Life under Pinochet: “We still don’t know what happened to my brother”

Gloria Elgueta's brother Martin was detained by Pinochet’s political police and held in Londres 38. Years later, a campaign is underway to turn the notorious house of torture into a memorial site.

Hardly a day goes by when Gloria Elgueta doesn’t think about how her brother Martin may have spent his final days. He was detained by Pinochet’s political police and held in Londres 38, a colonial building five blocks away from their family home. After years searching for justice, Gloria joined other relatives in a campaign to turn the notorious house of torture into a memorial site to remember those who lost their lives.

There’s one memory Chilean activist Gloria Elgueta will never forget of the darkest days of the Pinochet regime. Everyday for a fortnight she would walk five blocks from her family home in the centre of Santiago and stand and stare at an old colonial house known as Londres 38. The elegant façade belied the horrors taking place inside. This was one of Pinochet’s detention centres of choice: a place of torture and death. She suspected her brother, Martin, a student, was inside and there was nothing she could do.

In July 1974, members of the DINA (Pinochet’s political police) came knocking on their door and, simply, took him. They never gave an explanation for the arrest or brought any charges against him.

Almost immediately after Martin’s arrest, Gloria and her mother joined hundreds of others whose loved ones had been taken to unknown locations. It was a desperate pilgrimage to public offices, tribunals, and independent organizations, looking for help and information regarding the fate of their relatives.
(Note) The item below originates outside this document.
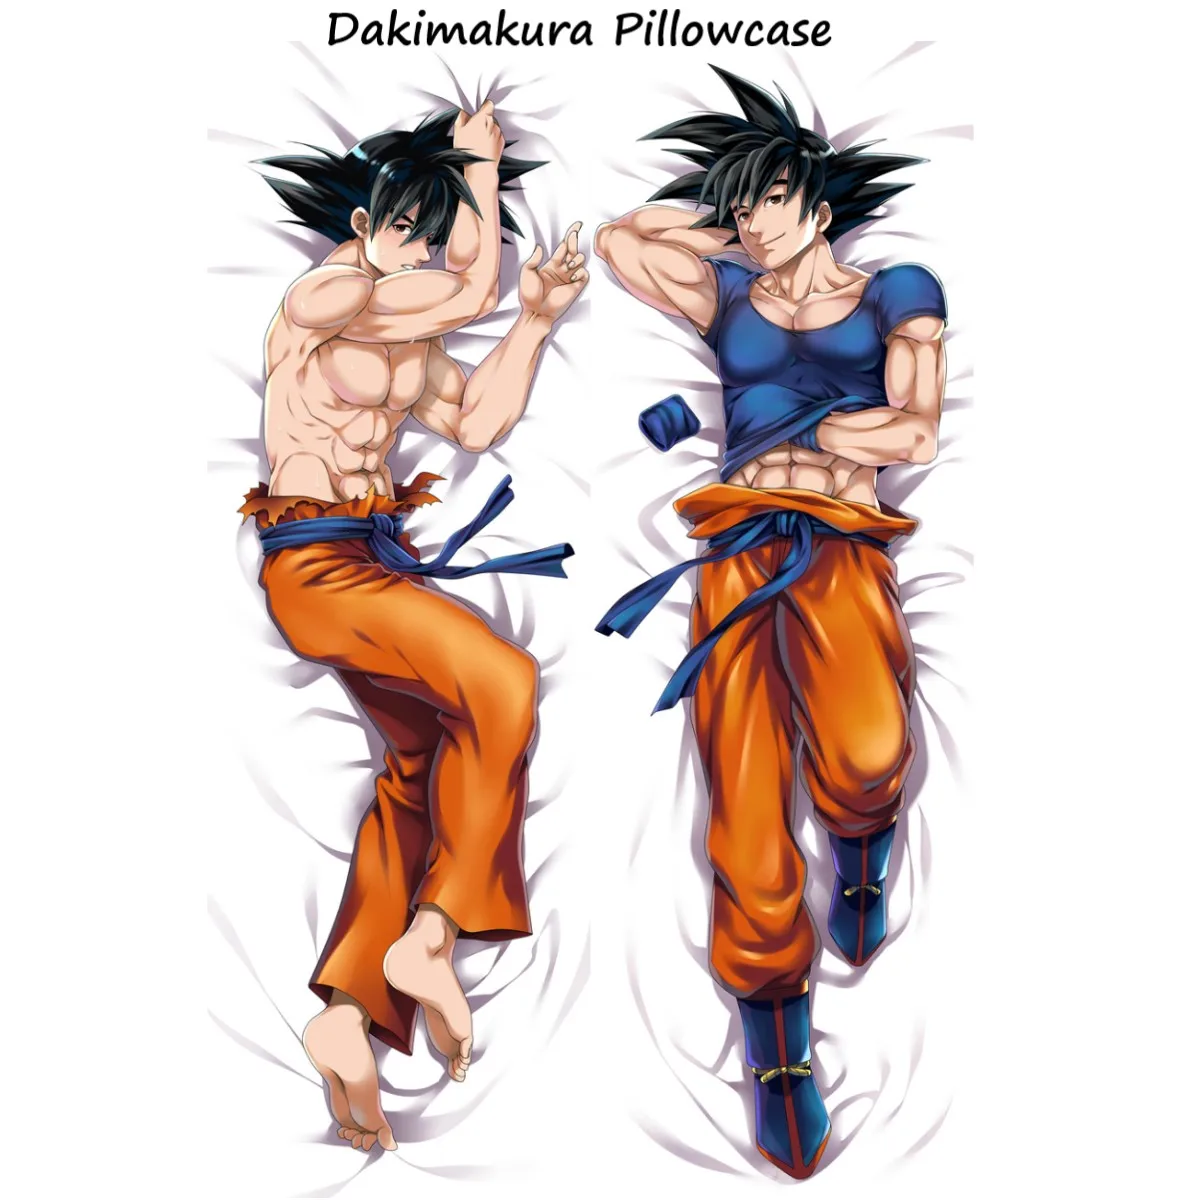 dorothy dahms recommends bulma body pillow case pic

“We knew we had to ask – we needed to know. We went to the health services and the morgue, thinking that we would find him dead. It was a pretty much pointless pilgrimage because we didn't get any response regarding where he was. Everybody in authority would constantly say that my brother had not been detained,” she said.

The first clue that Martin was being held in Londres 38 came from one of the few activists who survived imprisonment and been released.

“We know he was held there for around 15 days. We spoke to one of the other detainees and they had seen him inside.  We think that he was there until early august. After that we didn't have any other testimonies from people who were held with him. What we were able to establish is that during that period, detainees were transferred in groups, killed and their bodies, hidden.”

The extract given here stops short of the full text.